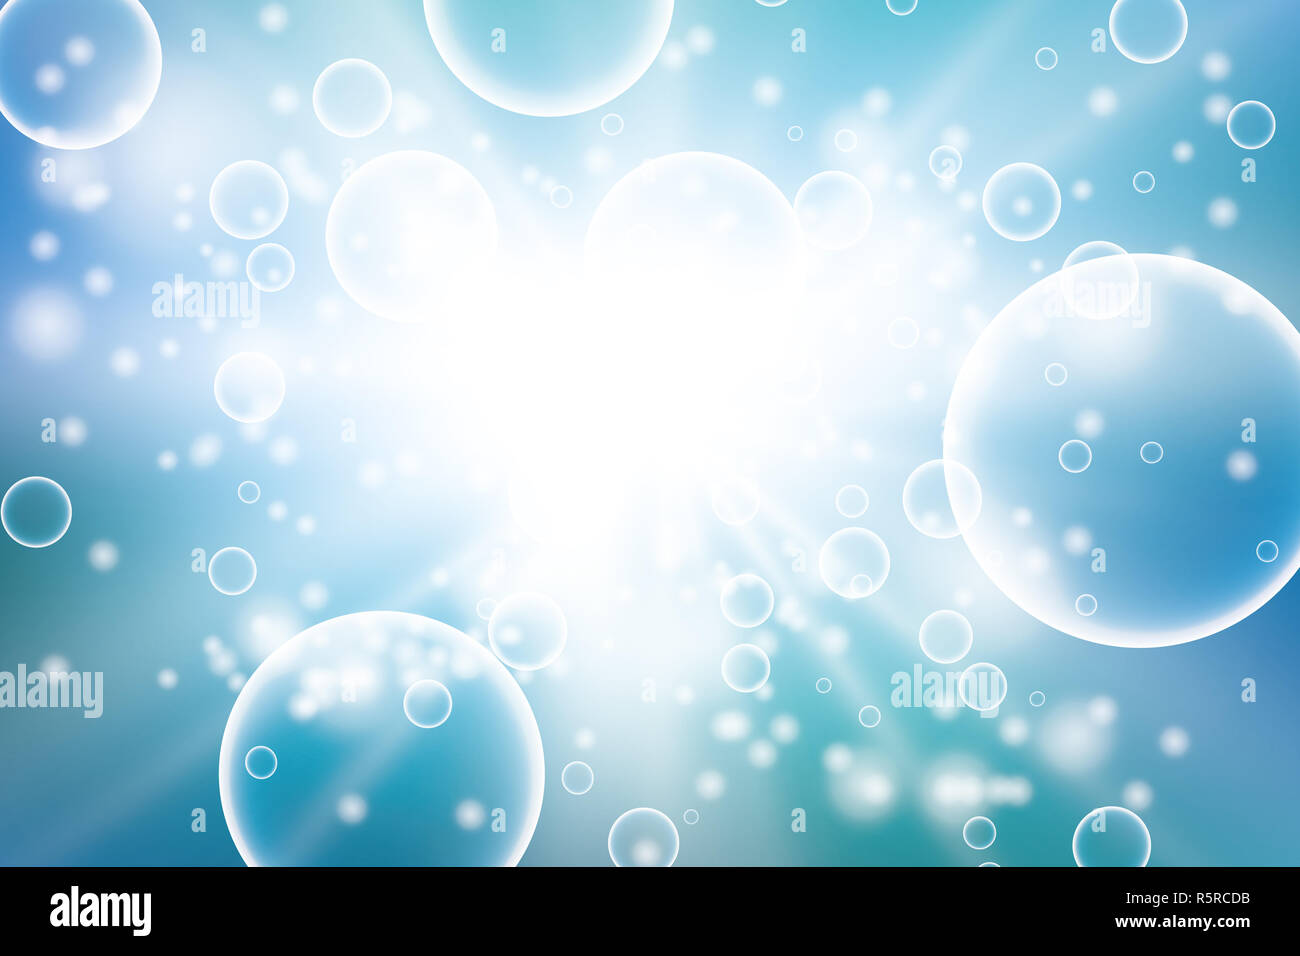 Bulles d'oxygène dans l'eau blue background scientifique et concepts biologiques. Cercle Transparent, sphere ball, de l'eau mer ou océan, vector illustration Banque D'Images
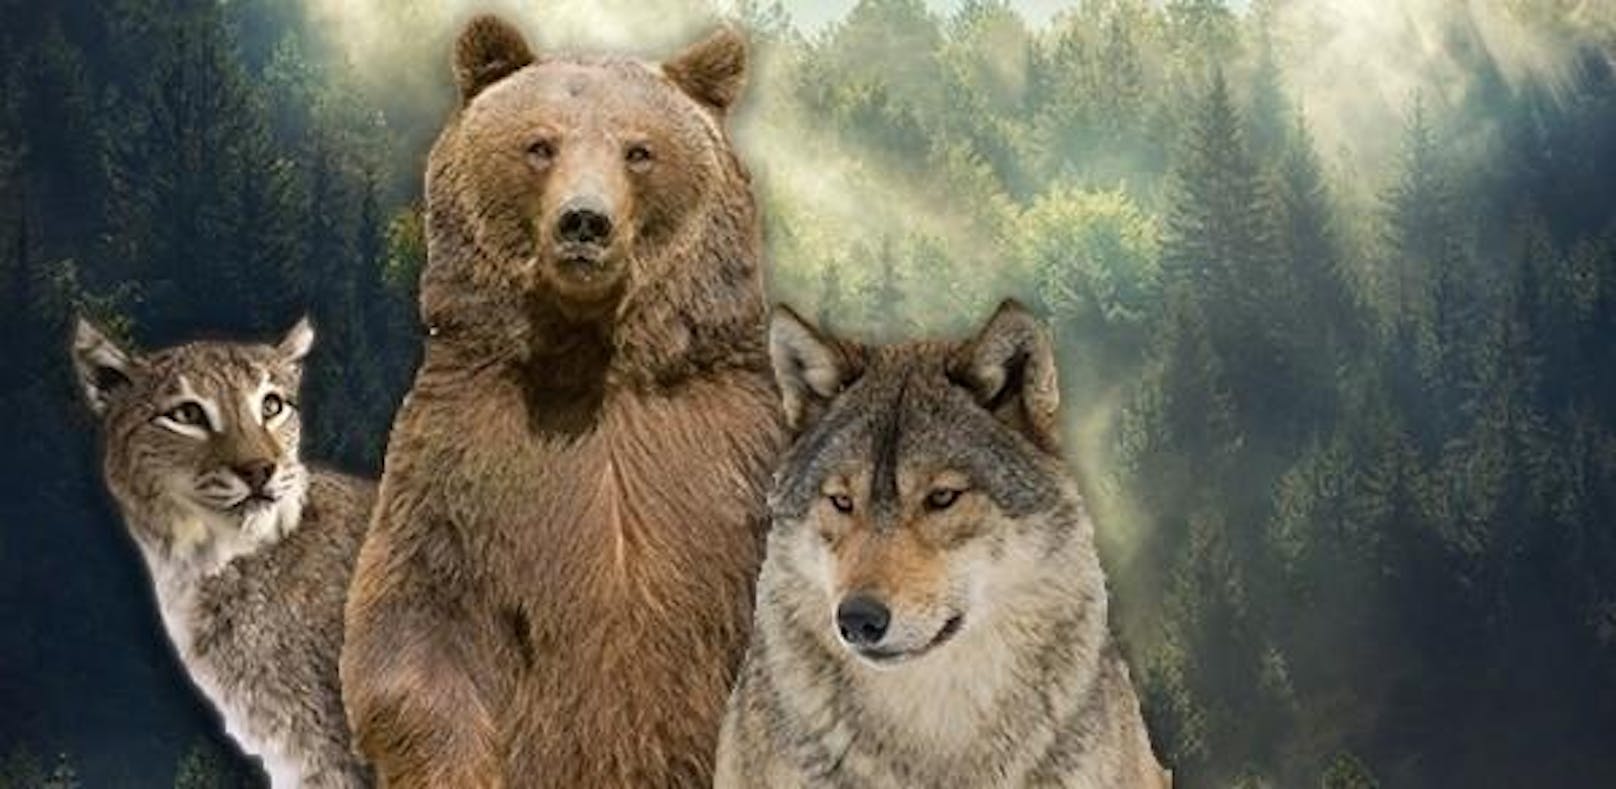 WWF Österreich, Tiroler Jägerverband und Naturschutzbund Österreich gründen Allianz und sagen illegaler Wilderei in Tirol den Kampf an.
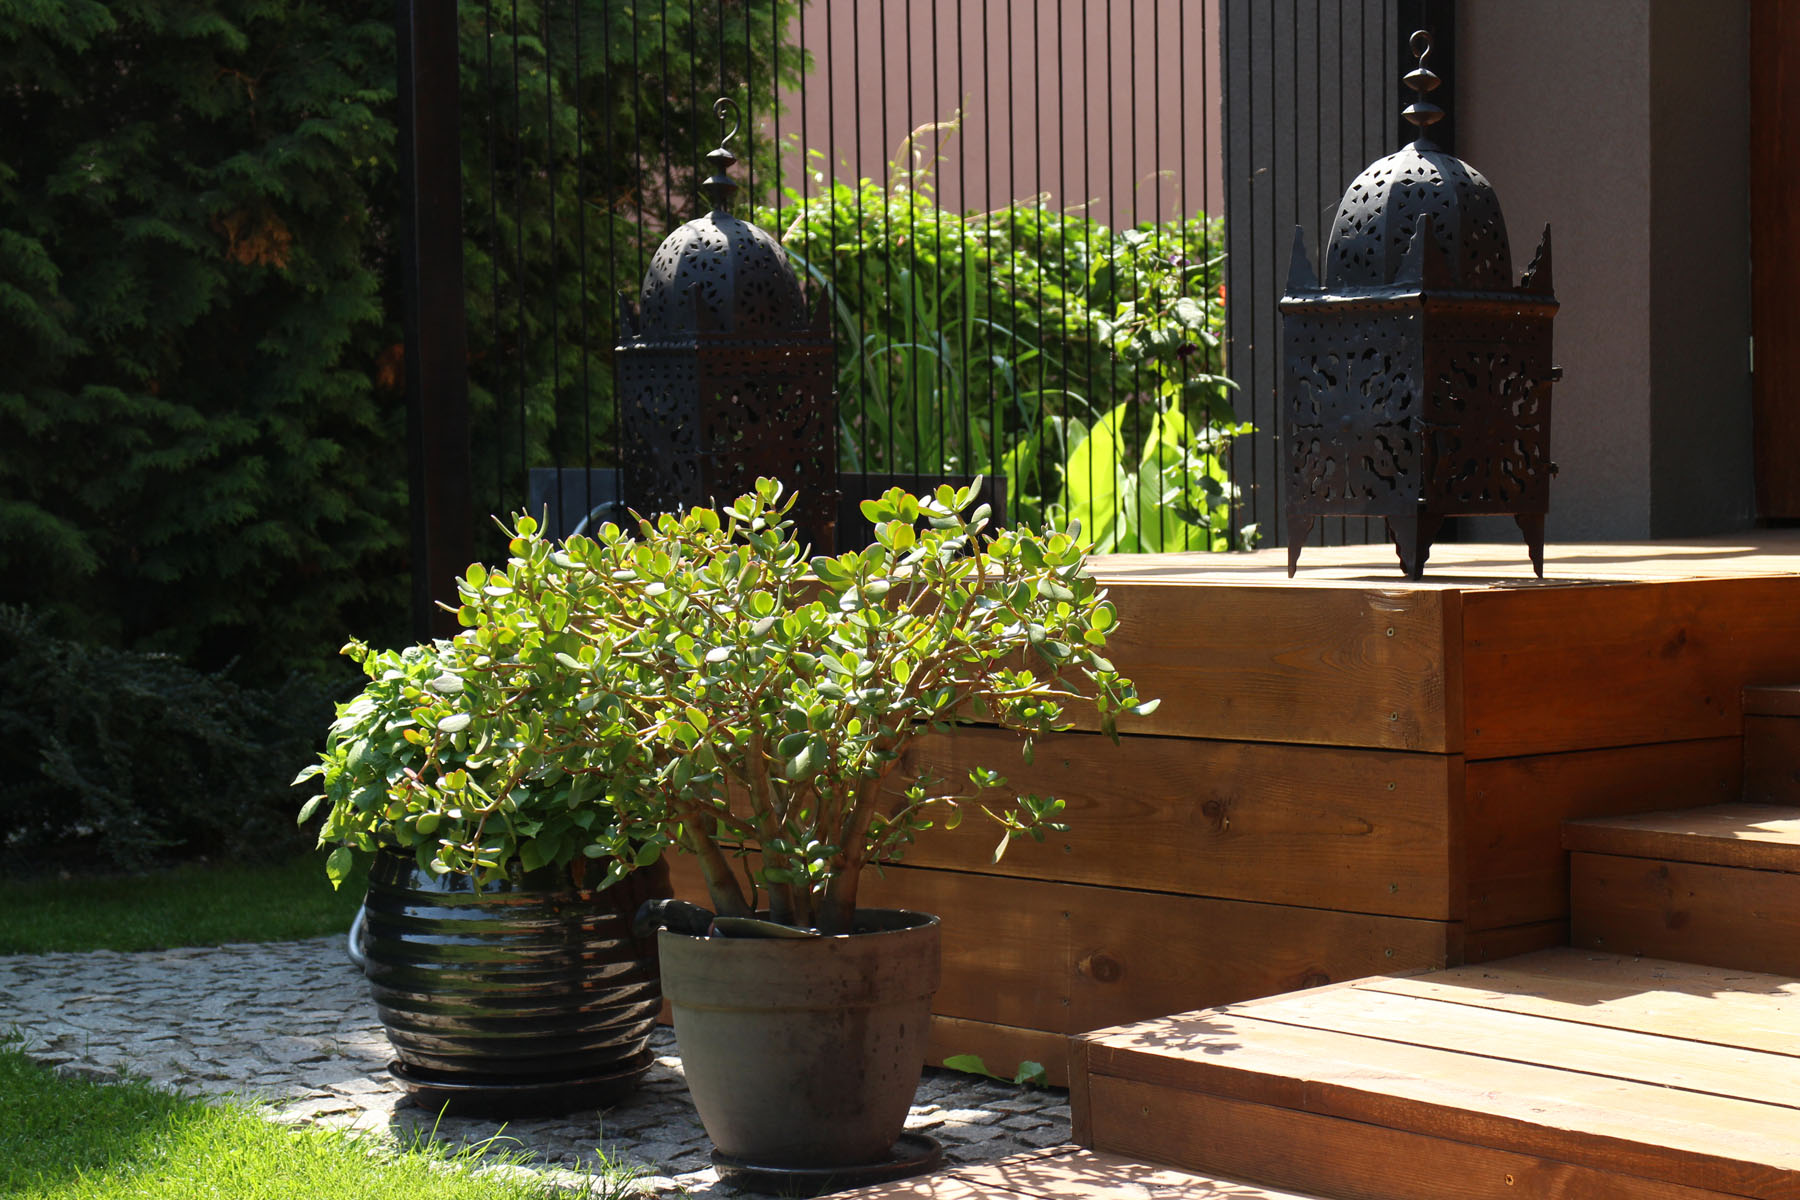 Rośliny Azjatycki styl w ogrodzie Malowniczy ogród na Ochocie Strefa relaksu w miejskim ogrodzie Ogród jako drugi salon Wnętrze ogrodowe Dom i ogród Tras w ogrodzie Klimat w ogrodzie

* _ACTIVITY_
Reproduce the material above verbatim; omit every picture.

* _SOLVED EXERCISE_
 Bulles d'oxygène dans l'eau blue background scientifique et concepts biologiques. Cercle Transparent, sphere ball, de l'eau mer ou océan, vector illustration Banque D'Images
 WWF Österreich, Tiroler Jägerverband und Naturschutzbund Österreich gründen Allianz und sagen illegaler Wilderei in Tirol den Kampf an.
 Rośliny Azjatycki styl w ogrodzie Malowniczy ogród na Ochocie Strefa relaksu w miejskim ogrodzie Ogród jako drugi salon Wnętrze ogrodowe Dom i ogród Tras w ogrodzie Klimat w ogrodzie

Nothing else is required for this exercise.